**TASK ITEM**
With the pictures left out, write out exactly the lines of the listing below that run from the line with "Tosca 50LT Deluxe Backpack" through the line with "Srikaya fruit".

**EXERCISE INPUT**

───

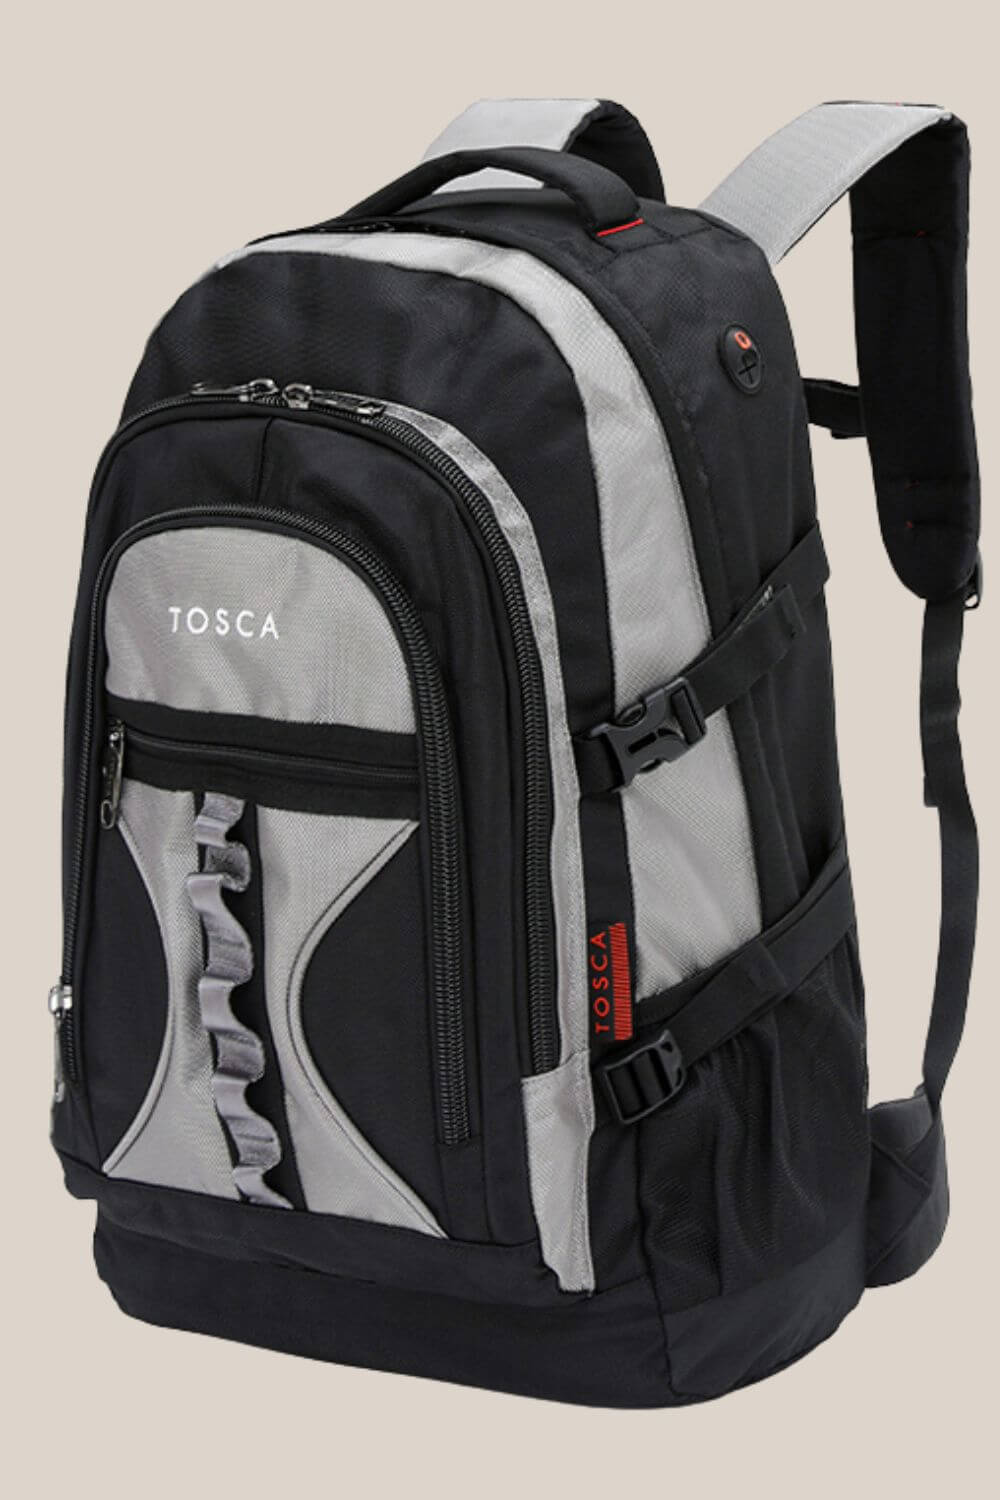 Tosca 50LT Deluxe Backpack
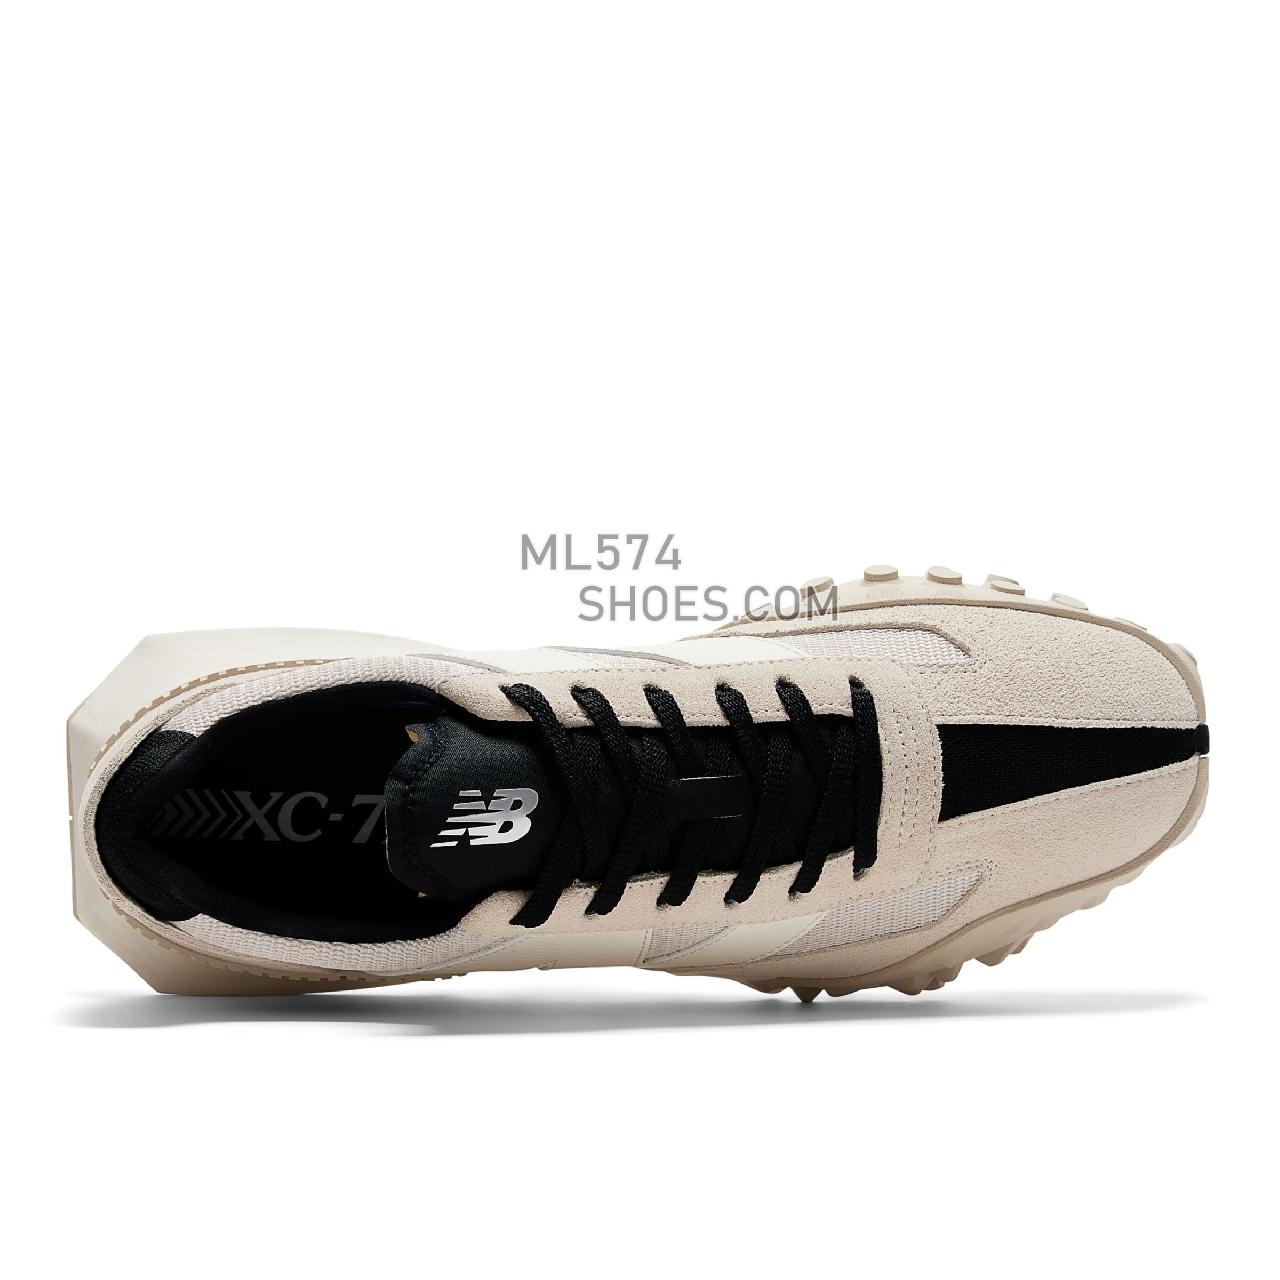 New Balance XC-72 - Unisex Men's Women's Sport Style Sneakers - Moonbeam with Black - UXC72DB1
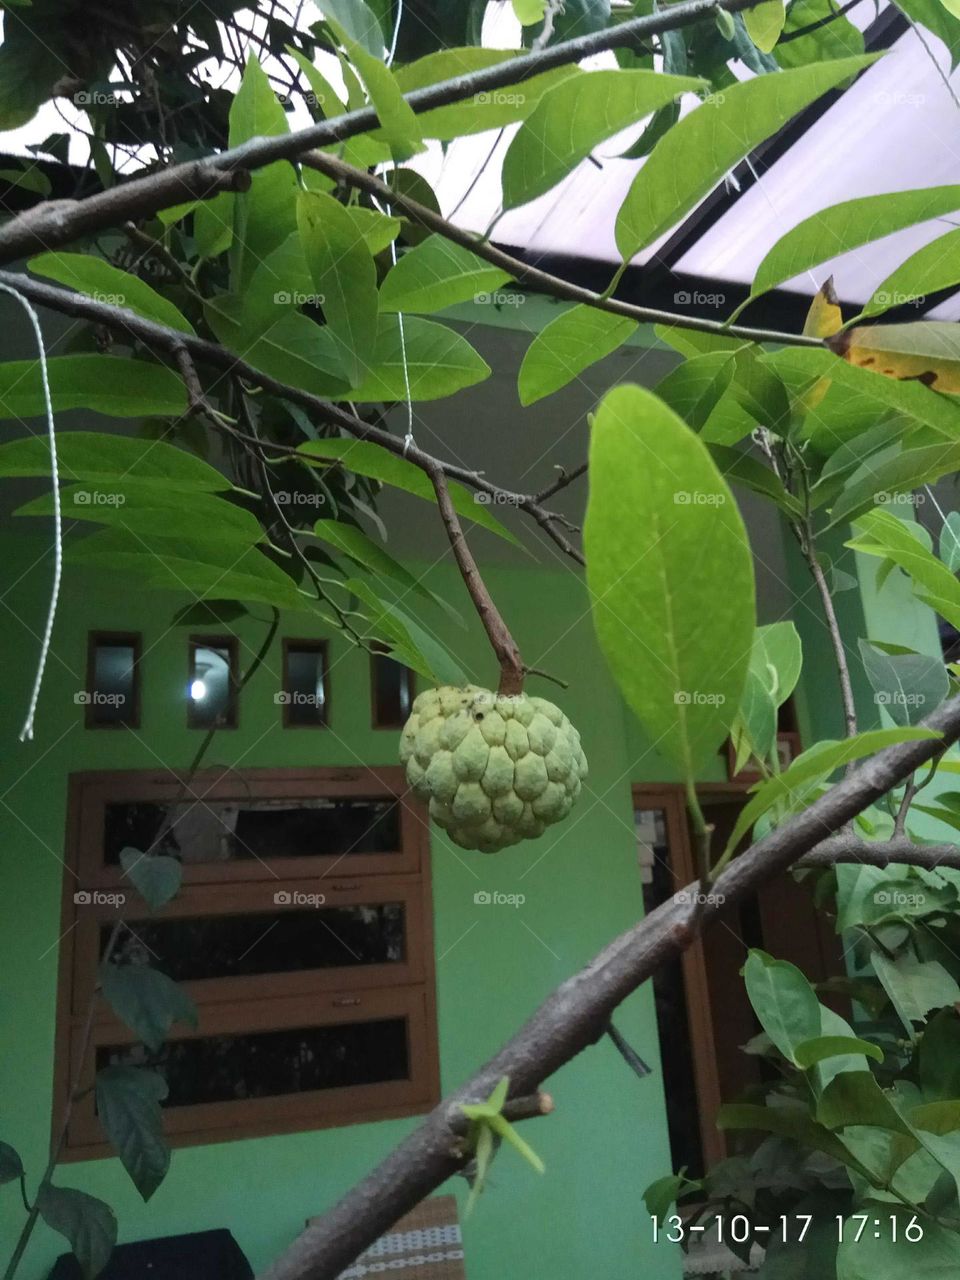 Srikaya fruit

───

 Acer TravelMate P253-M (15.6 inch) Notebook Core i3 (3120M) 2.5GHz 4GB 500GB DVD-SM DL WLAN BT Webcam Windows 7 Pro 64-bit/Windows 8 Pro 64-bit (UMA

───

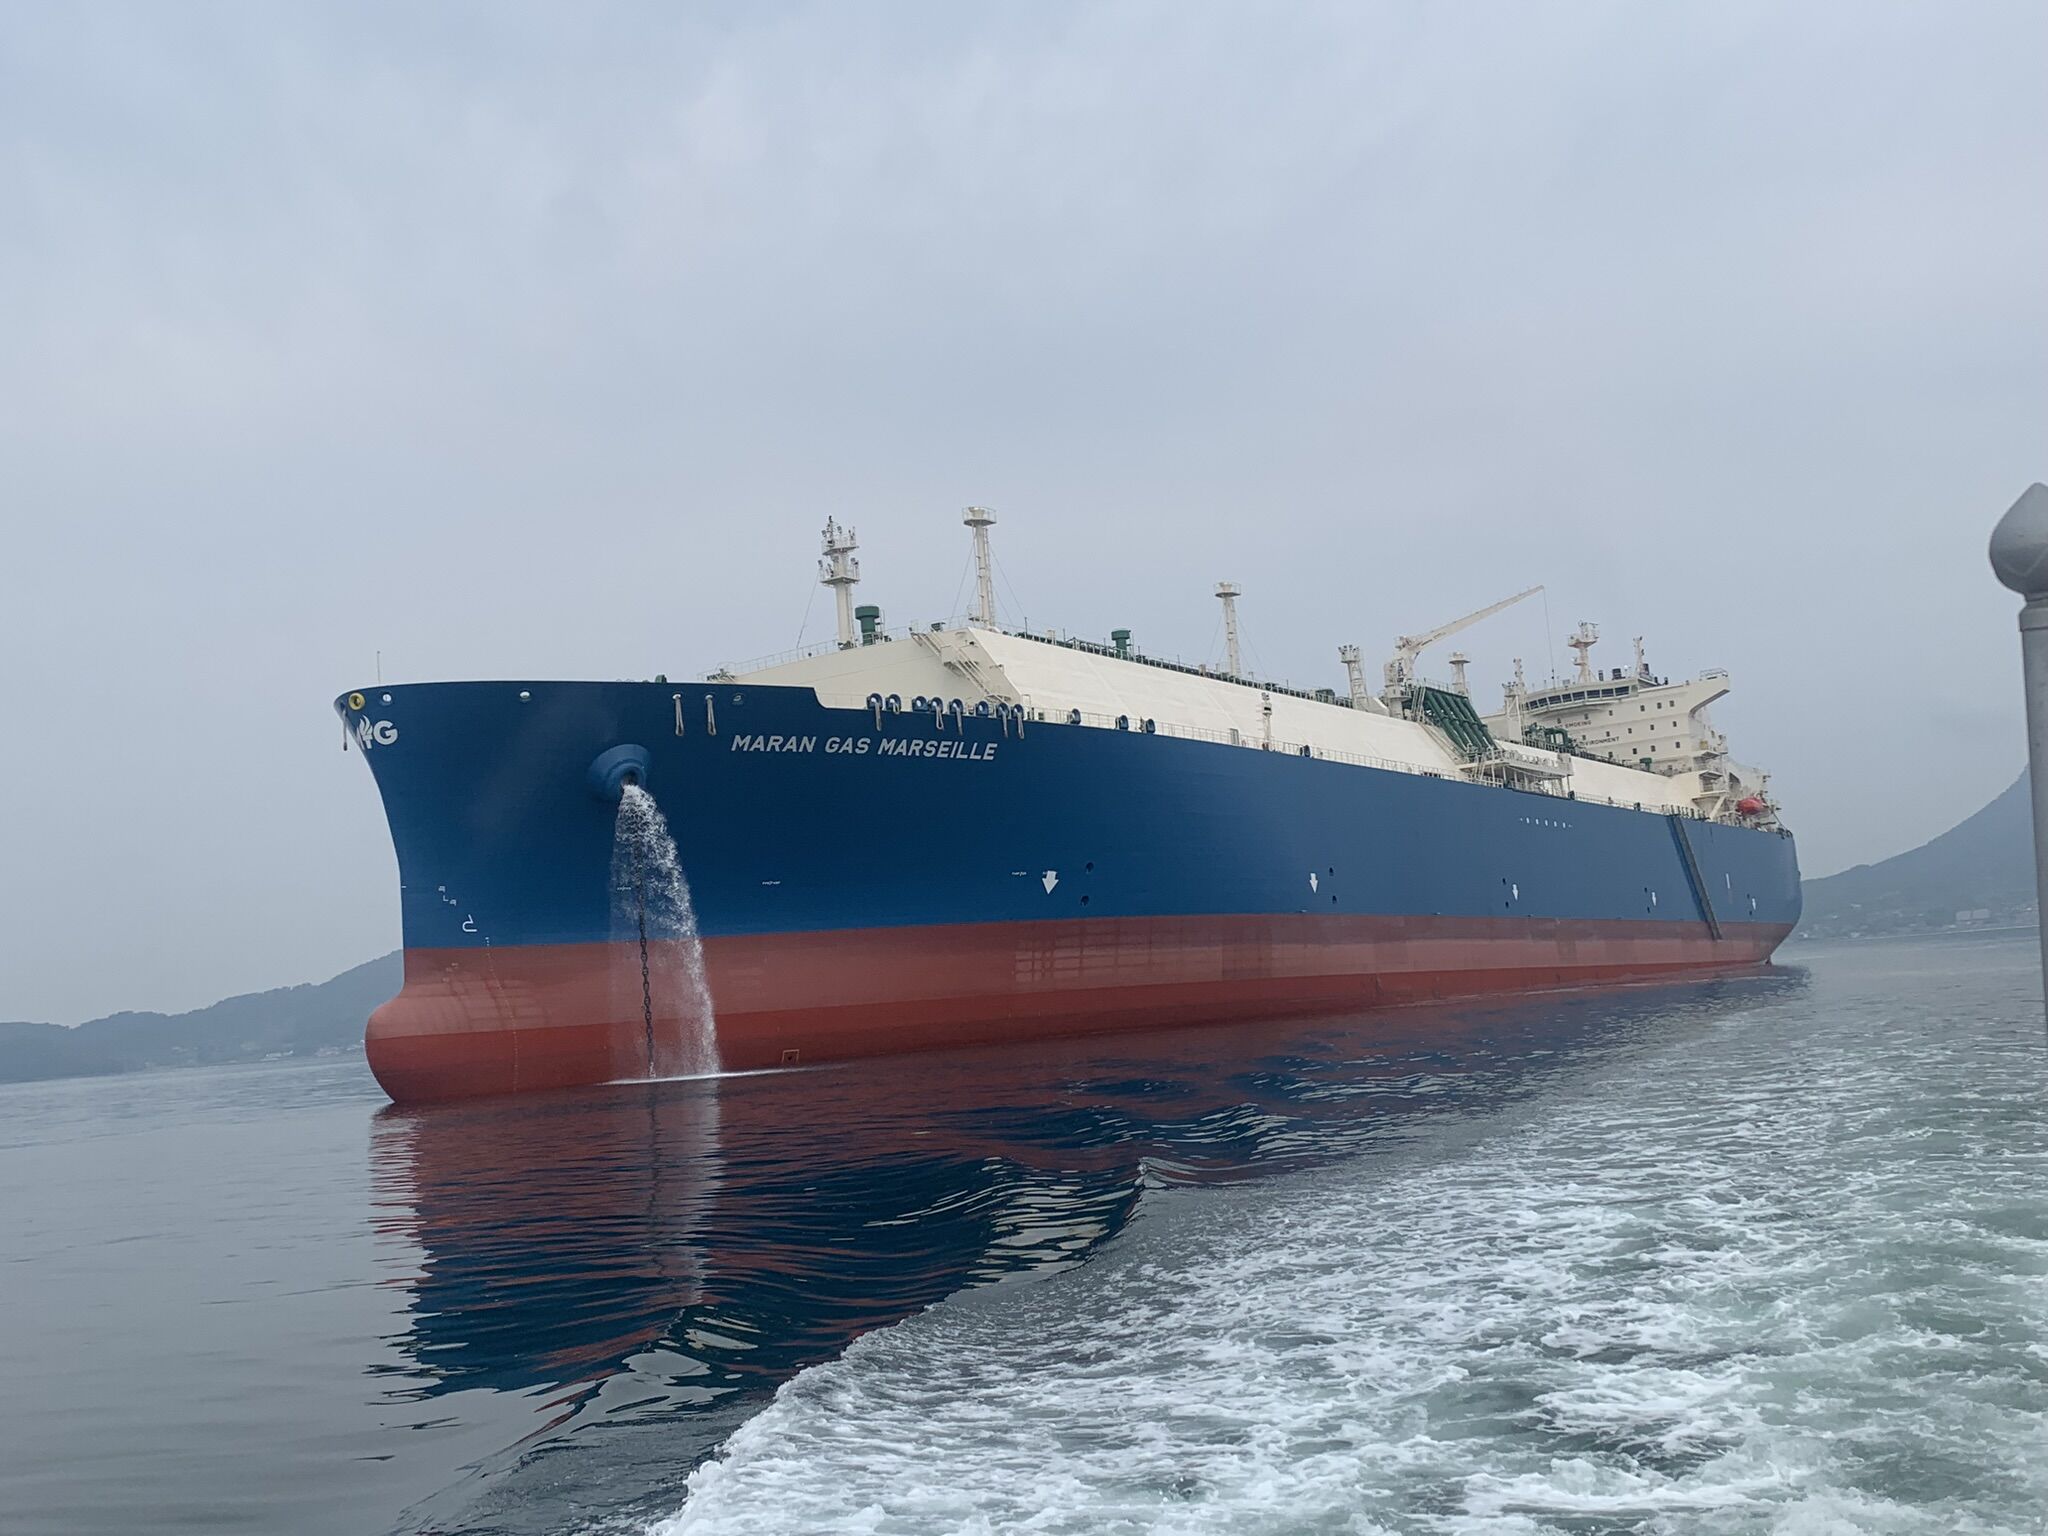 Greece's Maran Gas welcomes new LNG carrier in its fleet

───

**WRITTEN RESPONSE**
 Tosca 50LT Deluxe Backpack
 New Balance XC-72 - Unisex Men's Women's Sport Style Sneakers - Moonbeam with Black - UXC72DB1
 Srikaya fruit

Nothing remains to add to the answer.